Yeah, it’s not all that much.
That said, it would go quite a ways in filling in the debt hole that states have.
What if there was a breakout of fiscal sanity among state-level politicians? Would that put me out of the public finance blogging business?
Worry not, public finance bloggers
I was concerned for all of two seconds when the federal bailout bill passed.
Yes, that’s a city, not a state, but it was state politicians who decided to boost Chicago pensions. Chicago can’t afford this at all. It can’t afford the promises they already made, much let additional ones.
And then this:
Is it any wonder how poorly-ranked Massachusetts is?
Graphing the evolution of the worst states
I mentioned earlier that TIA’s State of the States reaches back to 2009, which is a good time to choose, given it was right after the Great Financial Crisis.
It doesn’t matter much the whole path from FY2009 to FY2021 — let’s look at the starting point to the endpoint. Not only do I label the states involved, but also the CAGR (compound annual growth rate) of the taxpayer deficit.
Something you need to see: for all of these states, the taxpayer burden has grown. If you are looking at a 4% per year growth rate in that burden, outstripping inflation, that is a 60% cumulative growth over a 12-year period. A 5% CAGR leads to an 80% cumulative growth over the same period. A 6% CAGR leads to doubling in 12 years.
Illinois had a 6.5% CAGR for the taxpayer burden from 2009 to 2021. It’s not getting better. At all.
This is not true for all states.
Graphing the states with the highest taxpayer surplus
Let’s see the trajectories of the top ten states:
This graph is only missing Minnesota in the group of 11 states that had taxpayer surpluses for the 2021 report.

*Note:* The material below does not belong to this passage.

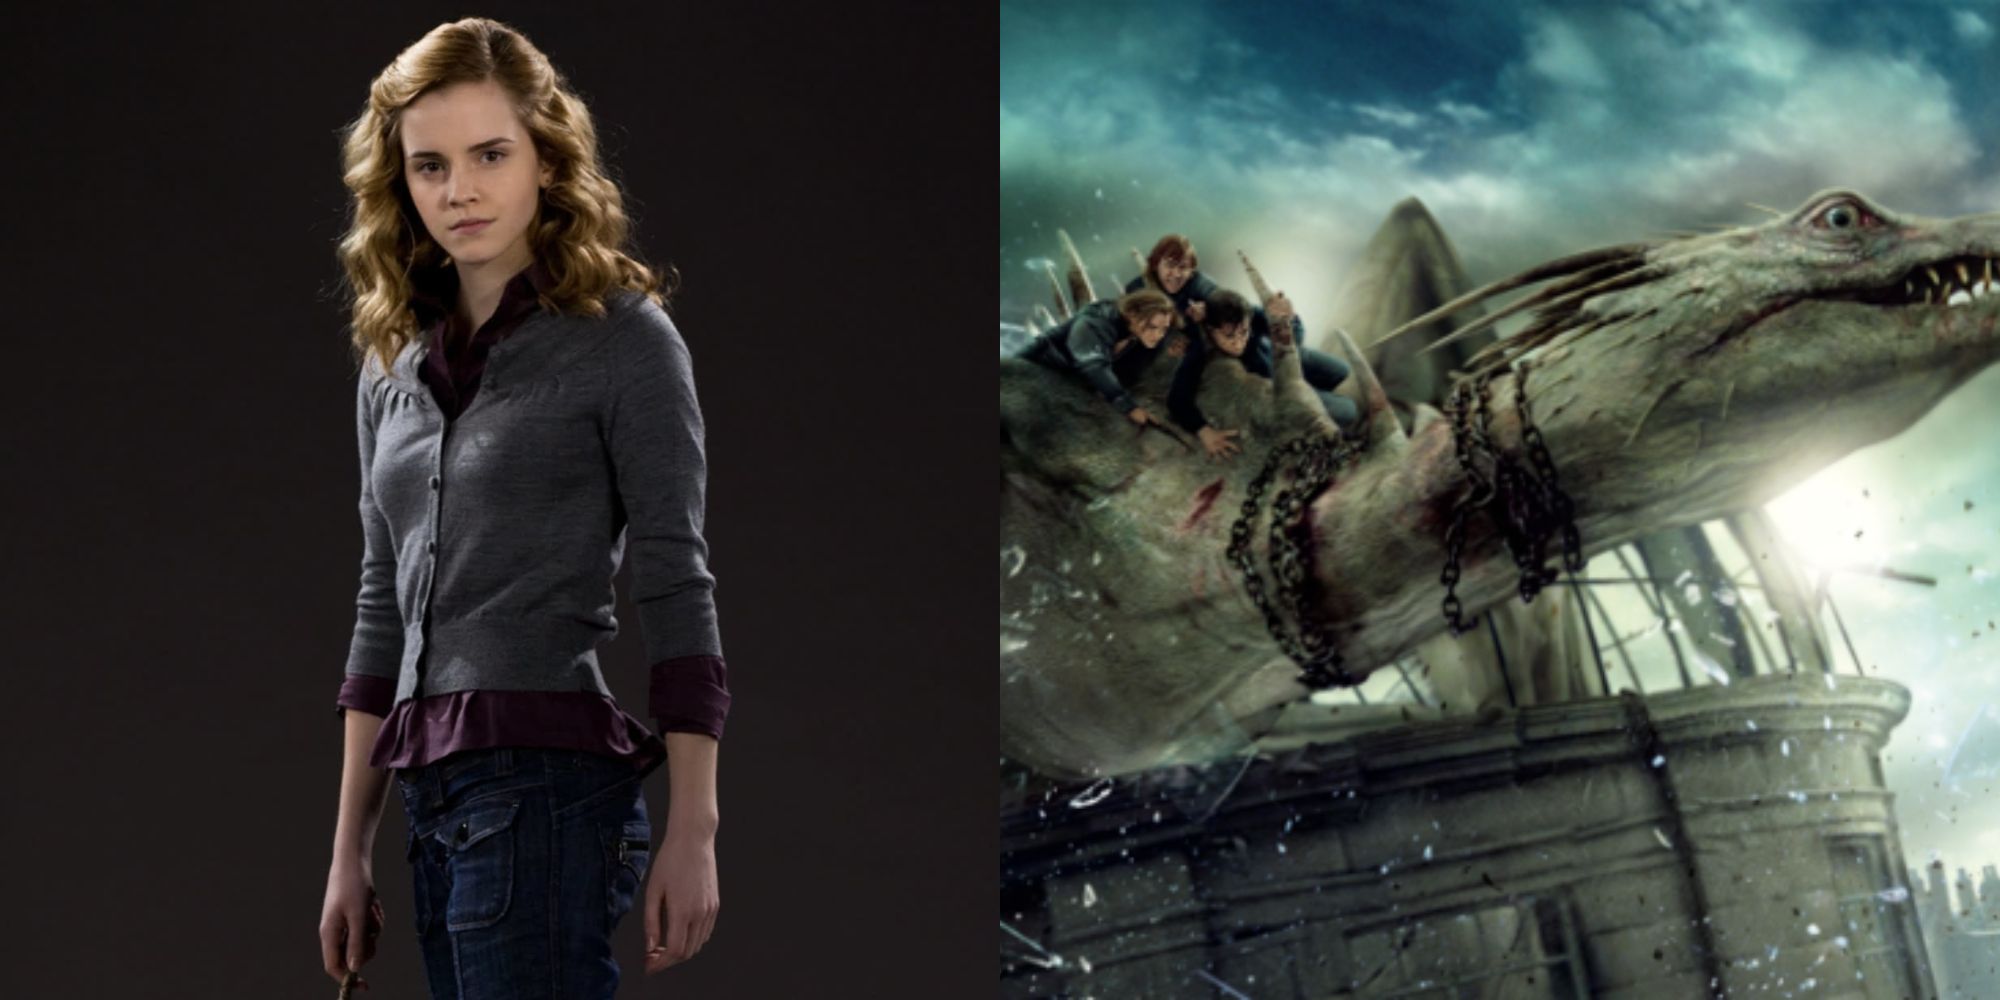 Split image showing Hermione and the Gringotts dragon in Harry Potter-

I actually don’t like the look of Alaska, North Dakota, and Wyoming. Those surpluses are too high … I could say “Give it back!” re: the taxpayers, but I assume most of these asset values come from the value of natural resources, not from overtaxing their residents. These are low population states, very dependent on natural resources, and so will be very sensitive to changing population levels and changing energy prices.
But the other states in the list show far more modest improvements, and 6 of them dug themselves out of taxpayer deficits from 2009. So good for them!
Choices have consequences
This may be the age of bailouts, so there may be more federal money being shoved at states in the future.
But, as I’ve pointed out many times before, there are many public finance crunches hitting at the same time, all being driven by the same thing: slow demographic growth with an aging population. Even with deaths from COVID, we’re seeing the end of the Social Security Trust Fund in sight.
(It’s going to take a much bigger pandemic to “solve” the problem.)
The state indebtedness reflects decades of promises made, with a lack of pre-paying for those promises.
As can be seen from the long-term evolution of the state positions, some states made the decision to fill their holes, and other states decided to dig deeper. (There’s got to be a pony in there, somewhere!)
None of this is “bad luck” or chance. All of this was easily foreseen.
Maybe we will see a slight improvement for some of the states next year, as they absorb that $195 billion from the federal government, but as we can see above, some will just use it as an excuse to spend more and not pay down debt more.
That’s the easiest prediction I have ever made.